Material and methods: In this study we examined postoperative immunosuppression in human abdominal surgery patients (n = 12) by separating T-cells and monocytes pre-operatively as well as 24 hrs postoperatively using magnetic beads and then co-incubating these cells with naïve preoperative cells of the other cell type, respectively. Following stimulation of postoperative T-cells with anti-CD3 and anti-CD28, cytokine secretion from the naïve monocytes cells was measured in supernatants by a multiplex immunoassay, serving as a bioassay for the functioning of the stimulating postoperative cell T-cell. Similarly, monocyte function was evaluated after stimulation with LPS by measuring cytokine secretion from co-cultured T-cells.

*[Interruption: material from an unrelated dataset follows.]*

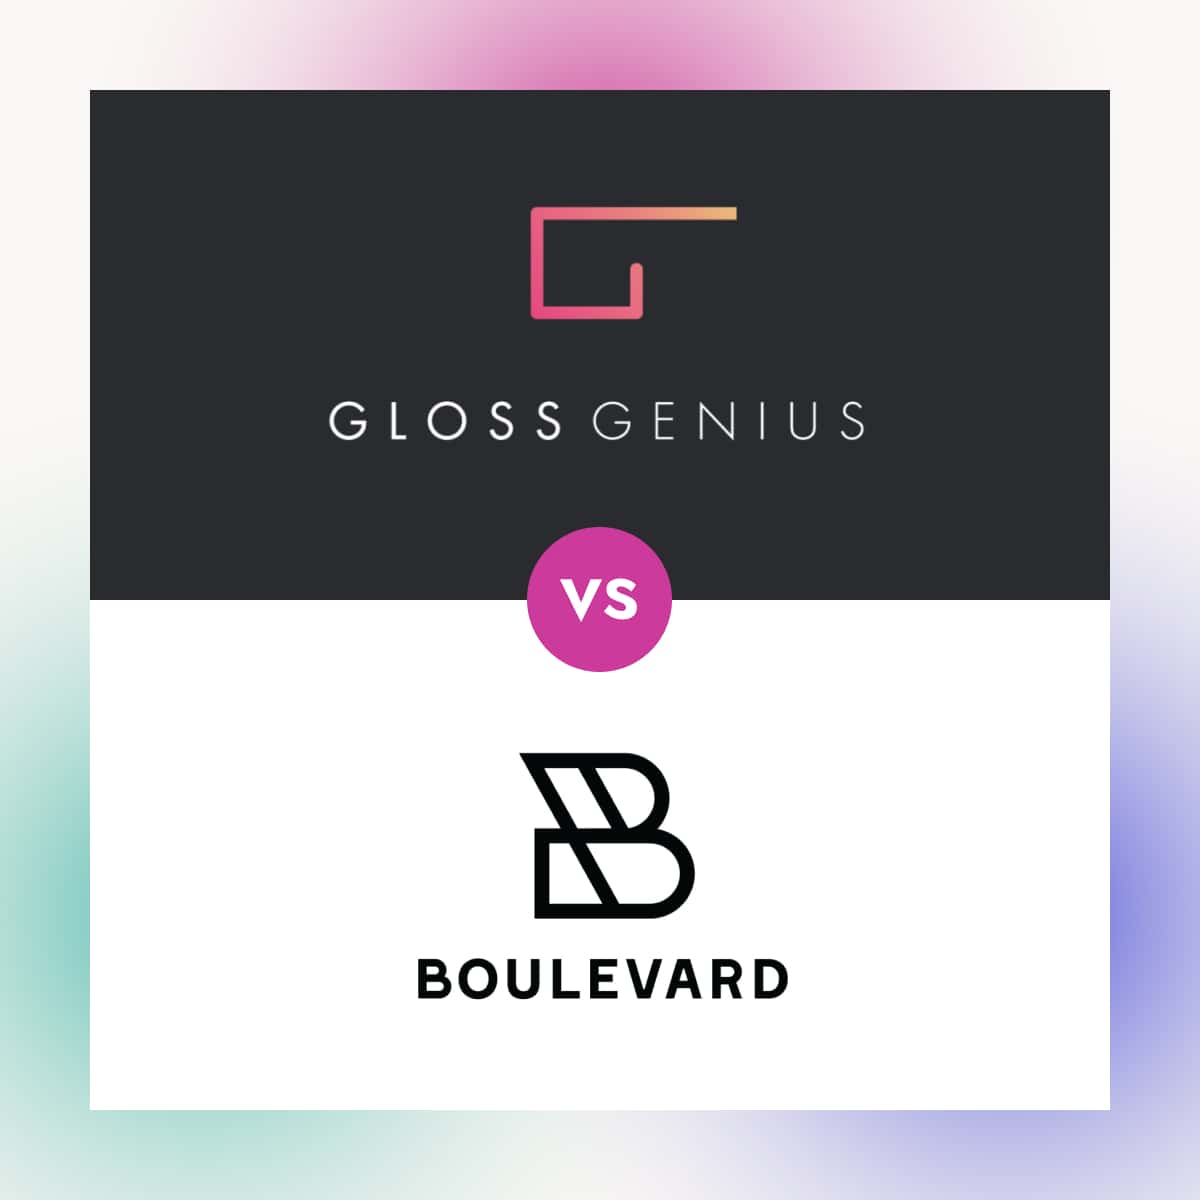 Glossgenius vs Boulevard featured image with logos

Results: Co-incubation of naïve T-cells with postoperative monocytes and stimulation with LPS lead to a decreased secretion of T-cell cytokines IL-2 (-17%; P = 0.570), IL-10 (-33%; P = 0.010) and IFN-γ (P = 0.002) as compared to coincubation with preoperative monocytes. Expression of monocyte cytokines IL-1β (+24%; P = 0.938), IL-6 (+107%; P = 0.102) and TNF-α(+47%; P = 0.083) was maintained or increased after co-incubation with postoperative T-cells and stimulation with anit-CD3 and anti-CD28. These results were confirmed by co-incubation of postoperative cells with naïve cells from a healthy voluntary donor. Figure 1 [Fig. 1].

Conclusion: Contrary to previous experiments, we observed postoperative T-cells to be able to stimulate monocyte function while postoperative monocytes were defective and could not induce the secretion of cytokines from T-cells. This may be part of the explanation for inadequate immune responses to infection (as a “second hit”) following surgical trauma as a first hit.